Technologies & Skills

• AWS EKS (Kubernetes on AWS)
• FastAPI
• Amazon ECR
• Cloud Security & IAM
• Kubernetes Orchestration

Prerequisites

• AWS Account: Admin permissions for creating EKS clusters, IAM roles, and ECR repositories.
• AWS CLI installed and configured: Install Guide
• eksctl installed: Installation Guide
• Docker installed: Get Started with Docker

Introduction

Managing Kubernetes on AWS via EKS is a great approach, but configuring secure access for CI/CD can be tricky.
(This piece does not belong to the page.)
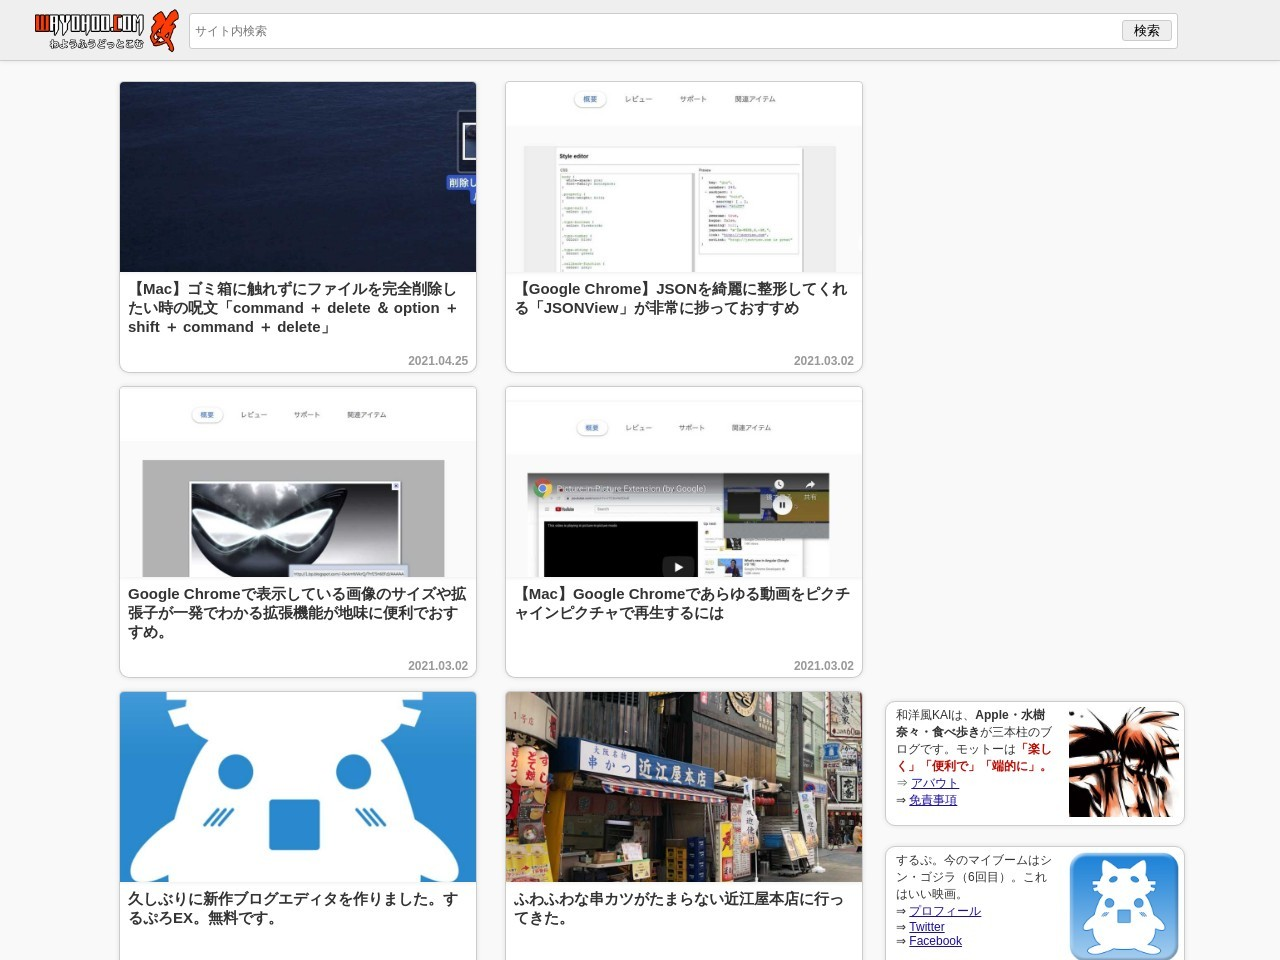 http://wayohoo.com/mac/accessories/hdpe-ut1-0.html
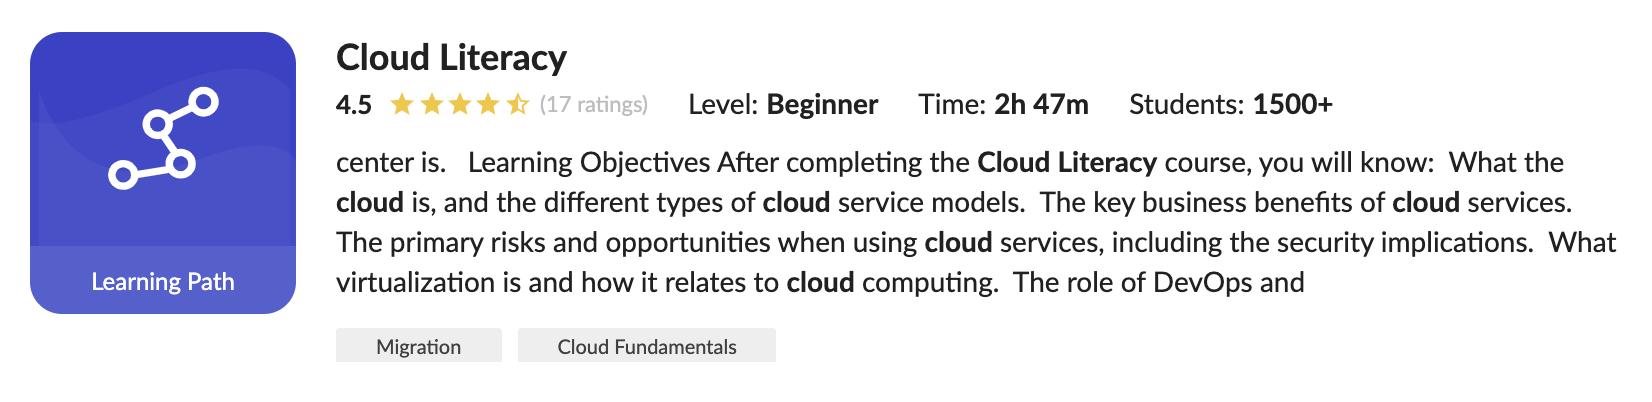 Cloud Academy Cloud Literacy

With OIDC, GitHub Actions can assume roles in AWS without storing secret keys, so no static credentials, Let’s walk through setting up an EKS cluster, creating an ECR repo, and configuring GitHub Actions to deploy our FastAPI service to Kubernetes automatically.

This guide walks through:

1. Setting up an EKS cluster with eksctl
2. Creating an ECR repository for your Docker images
3. Configuring OIDC so GitHub Actions can assume an IAM role
4. Deploying the FastAPI application to EKS

Key Takeaways

• Security-First CI/CD: By using OIDC, there’s no need to embed AWS credentials in GitHub.
• Least-Privilege Access: You’ll attach minimal IAM permissions, restricted to your ECR repo or EKS cluster.
• Easy Automation: GitHub Actions automatically builds, pushes, and deploys whenever you push code to your main branch.

Step-by-Step Guide

Step 1: GitHub Repository

Create (or use) a repository that holds your FastAPI app and Kubernetes manifests:

Repository Structure:
├── main.py        # FastApi application
├── Dockerfile        # Docker
├── fastapi-deploy.yaml           # deploy scripts
├── fastapi-service.yaml           # service scripts
└── requirements.txt

Keep your code organized. The .yaml files will be applied to EKS to deploy the FastAPI service.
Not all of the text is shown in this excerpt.